The Root Cause of Osteoporosis
When millions of people around the
world start experiencing the same health problems, something is seriously wrong. Something is unbalanced.
And it's never an "accident". What scientists have now discovered is...
that the Root Cause of Osteoporosis is the modern lifestyle, causing
your body to become diseased by acids, sugars, carbohydrates, excess
fats and uric acid (all very common in our modern diets) keep flowing
through our bloodstream.
Therefore, any condition is merely a warning
sign of a breakdown in your body due to your lifestyle that takes you
out of balance this is when you develop "Osteoporosis." And if you don't
stop the attacks on your body, you develop even more serious conditions
and eventually truly life-threatening health problems. The radical change
in diet and lifestyle in the last 100 years has actually transformed
your body into a toxic wasteland.
Understand Osteoporosis
"To understand osteoporosis it is important to know a bit about
bones. Bone-forming cells are of two different kinds. One type are called
osteoclasts, and their job is to travel through the bone in search of old bone
that is in need of renewal. Osteoclasts dissolve bone and leave behind tiny
unfilled spaces. Osteoblasts move into these spaces in order to build new bone.

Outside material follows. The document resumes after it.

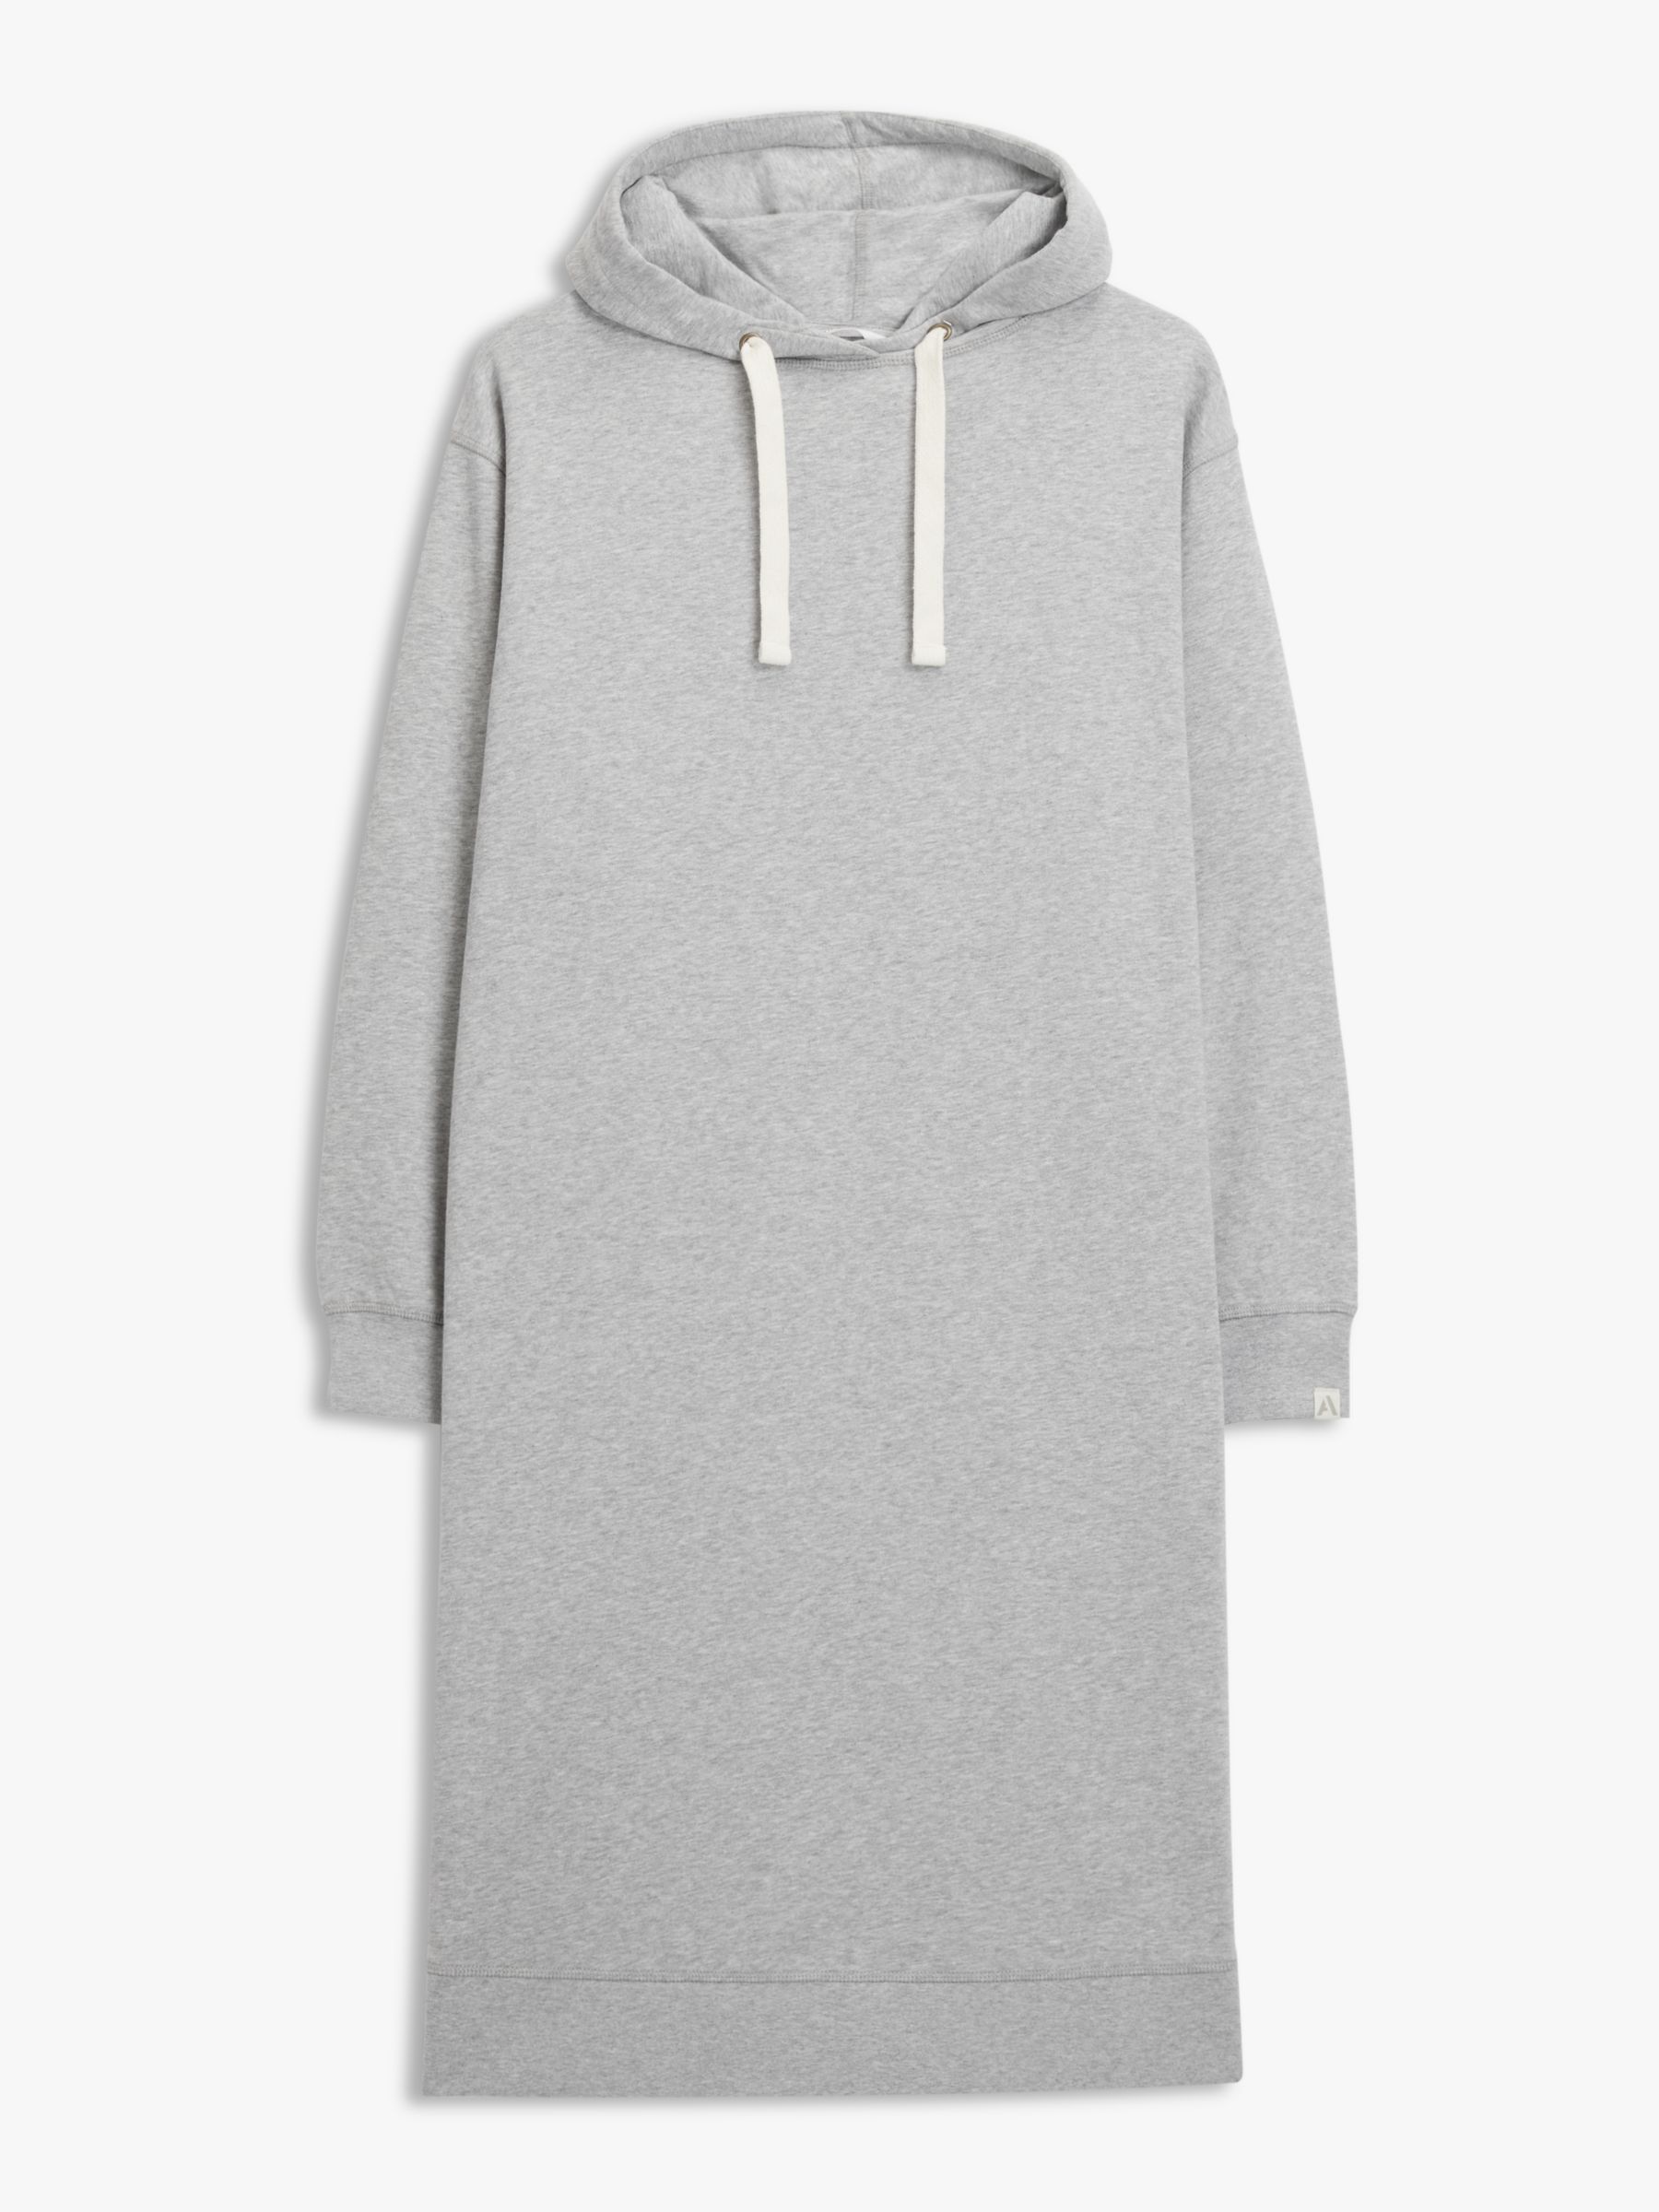 ANYDAY John Lewis & Partners Hoodie Sweater Dress, Grey

A lack of estrogens, as experienced at menopause, indirectly stimulates the
growth of osteoclasts, thus increasing the risk for developing osteoporosis.

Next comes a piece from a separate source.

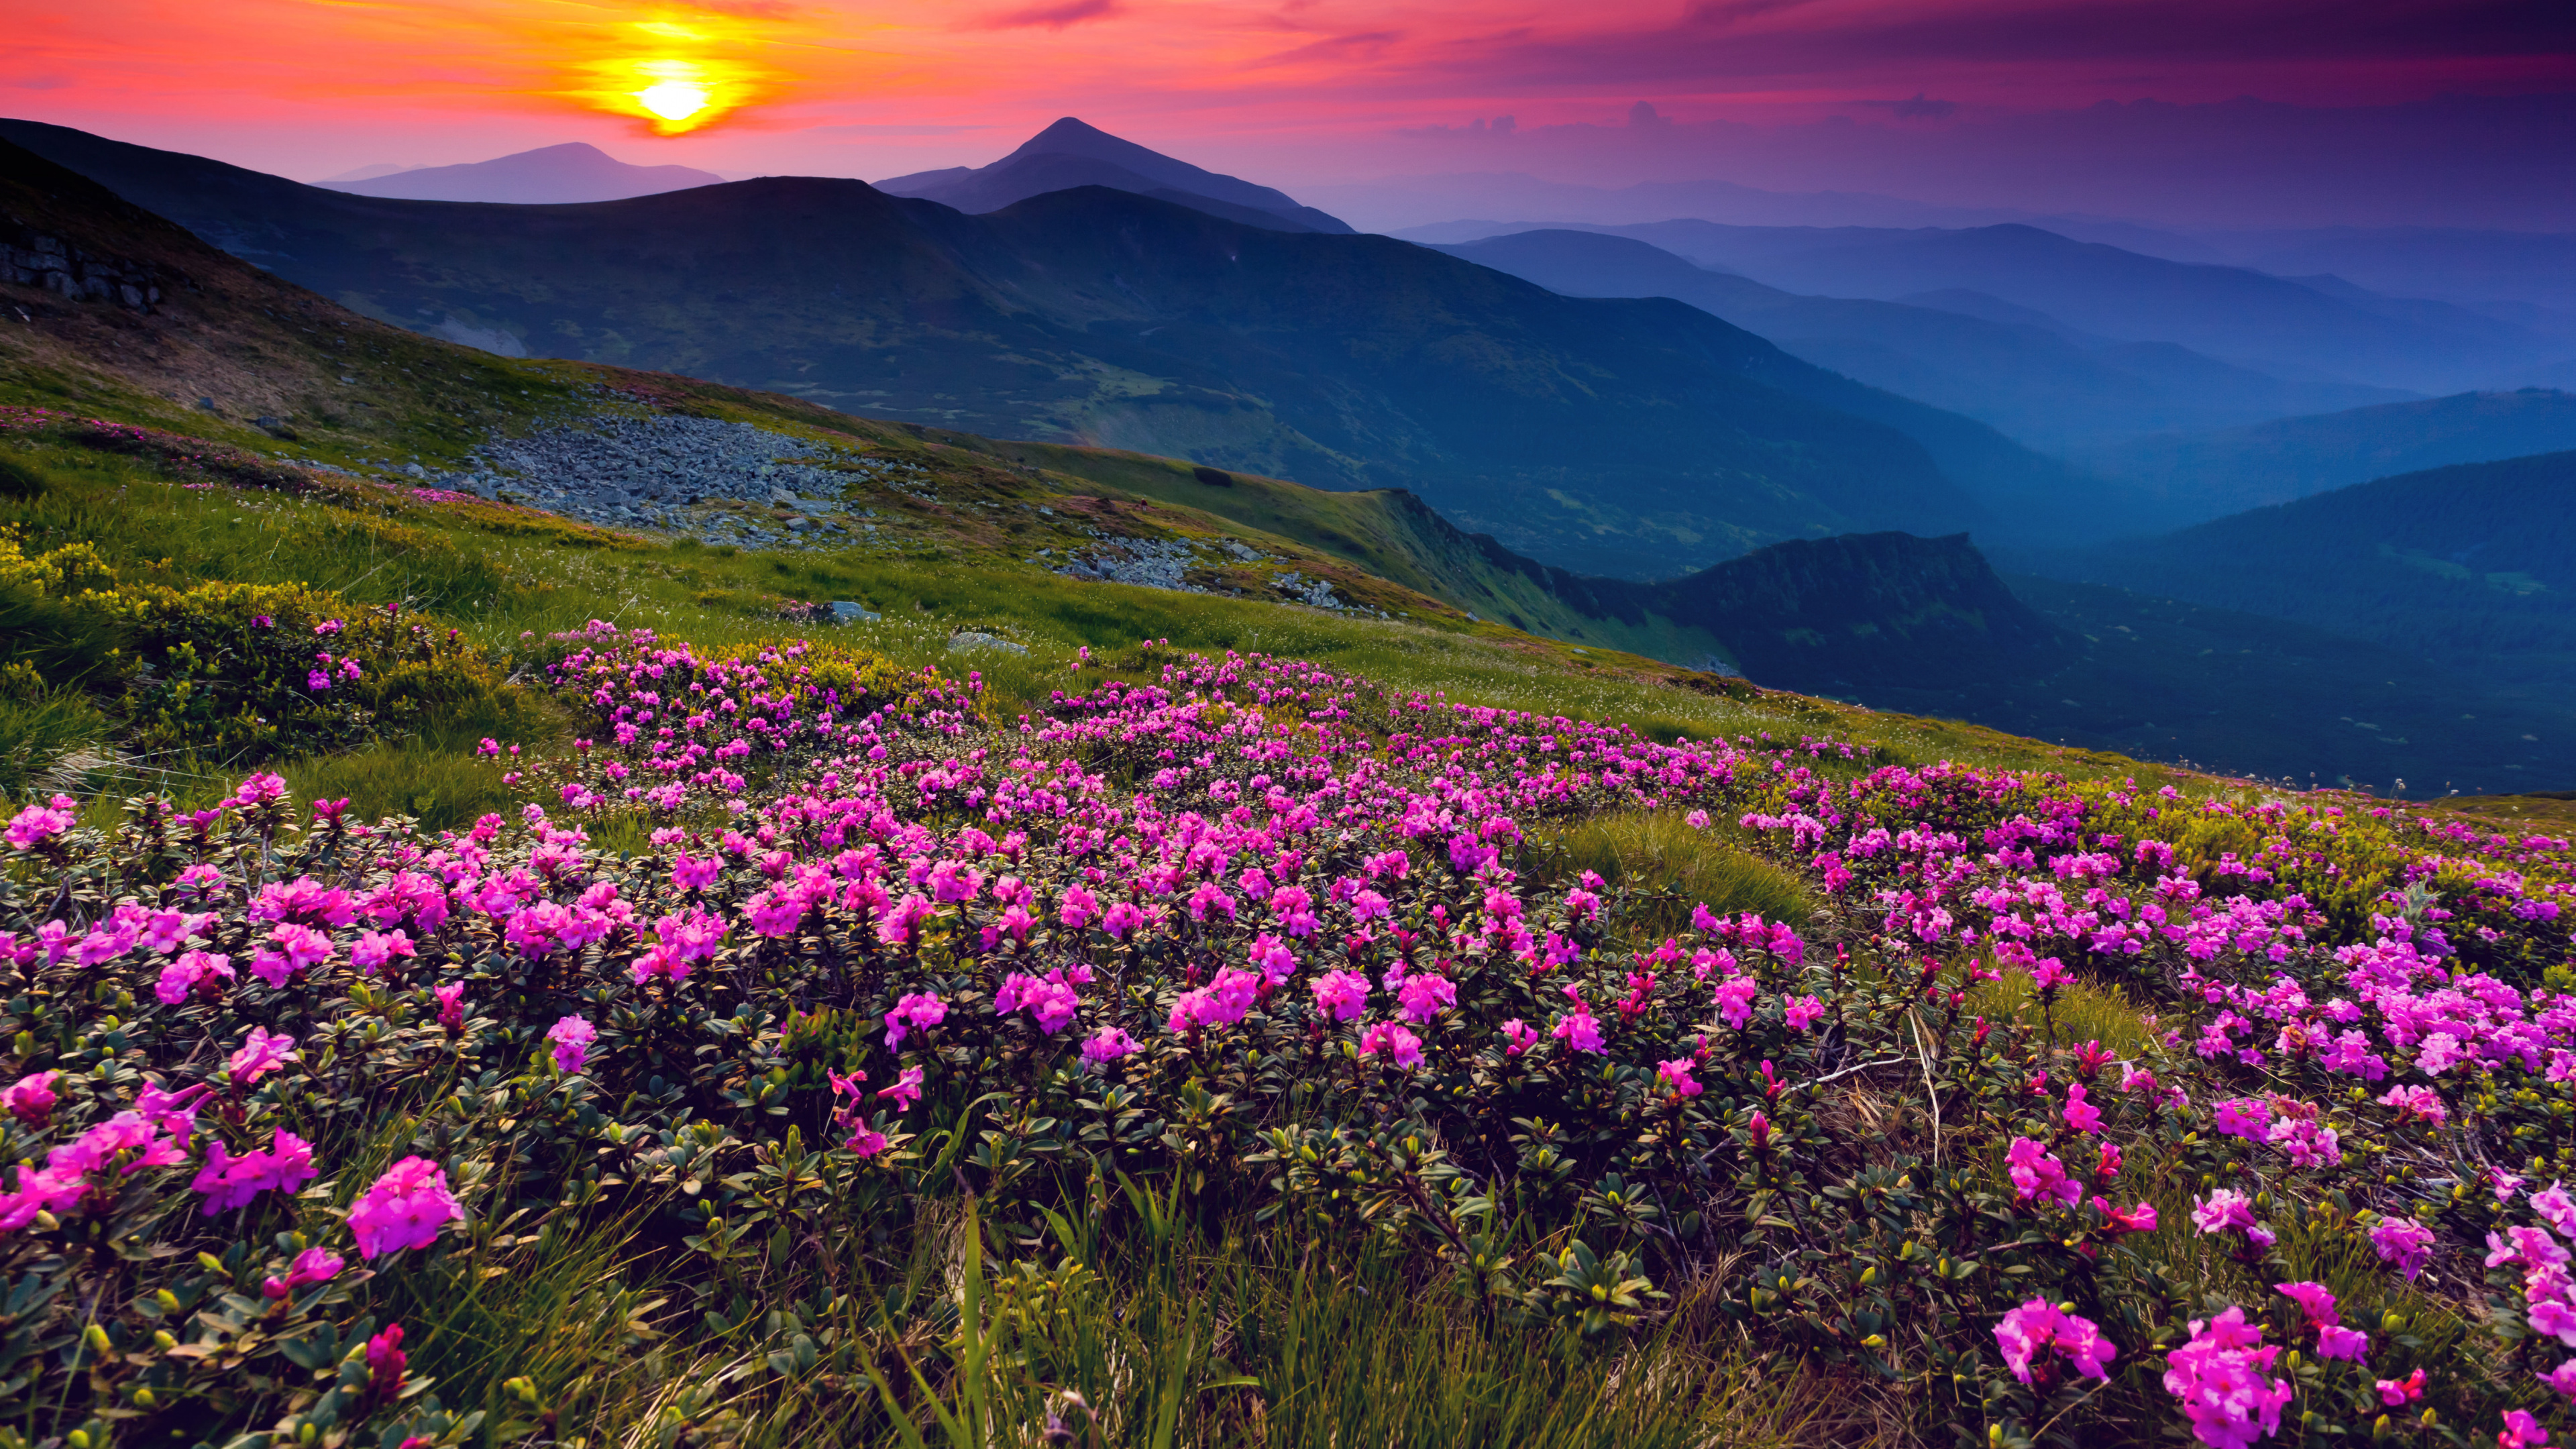 Purple Flower Field Near Mountain During Daytime. Wallpaper in 3840x2160 Resolution

HRT containing estrogen should therefore help prevent osteoporosis.
From this point of view it does. However, osteoclast cells have been shown
to have no estrogen receptors in themselves, so cannot directly build new bone.
On the other hand, osteoblast cells, which are responsible for making new bone,
have been shown to have not estrogen but progesterone receptors. What this
means is that it is progesterone (the natural form, not the synthetic progestins),
not estrogen, which is responsible for building bone tissue. This view is upheld
in the Scientific American Updated Medicine Text 1991, which states, "Estrogens
decrease bone resorption, but associated with the decrease in bone resorption
is a decrease in bone formation. Therefore, estrogen should not be expected to
increase bone mass."
The authors also discuss estrogen side-effects,
including the risk of endometrial cancer which "is increased six-fold in women
who receive estrogen therapy for up to five years; the risk is increased to
fifteen-fold in long-term users." Dr. Kitty Little from Oxford found masses of
tiny clots in the bones of rabbits treated with hormones. She is convinced
that HRT in the form of estrogen and progestins will increase the risk of
osteoporosis. Blood clots originate from sticky clumps of platelet cells in
the blood. She believes that blood clots in the bones can cause bone to
break down, leading to osteoporosis.
More and more research findings are emerging that challenge the
estrogen-deficiency/osteoporosis relationship and reinforce the
progesterone-deficiency link. The results of a three-year study of
63 post-menopausal women with osteoporosis verify this. Women
using transdermal progesterone cream experienced an average 7 to 8
per cent bone-mass density increase in the first year, 4 to 5 per cent
in the second year, and 3 to 4 per cent in the third year! Untreated women
in this age category typically lose 1.5 per cent bone-mass density per year!
These results have not been found with any other form of hormone
replacement therapy or dietary supplementation!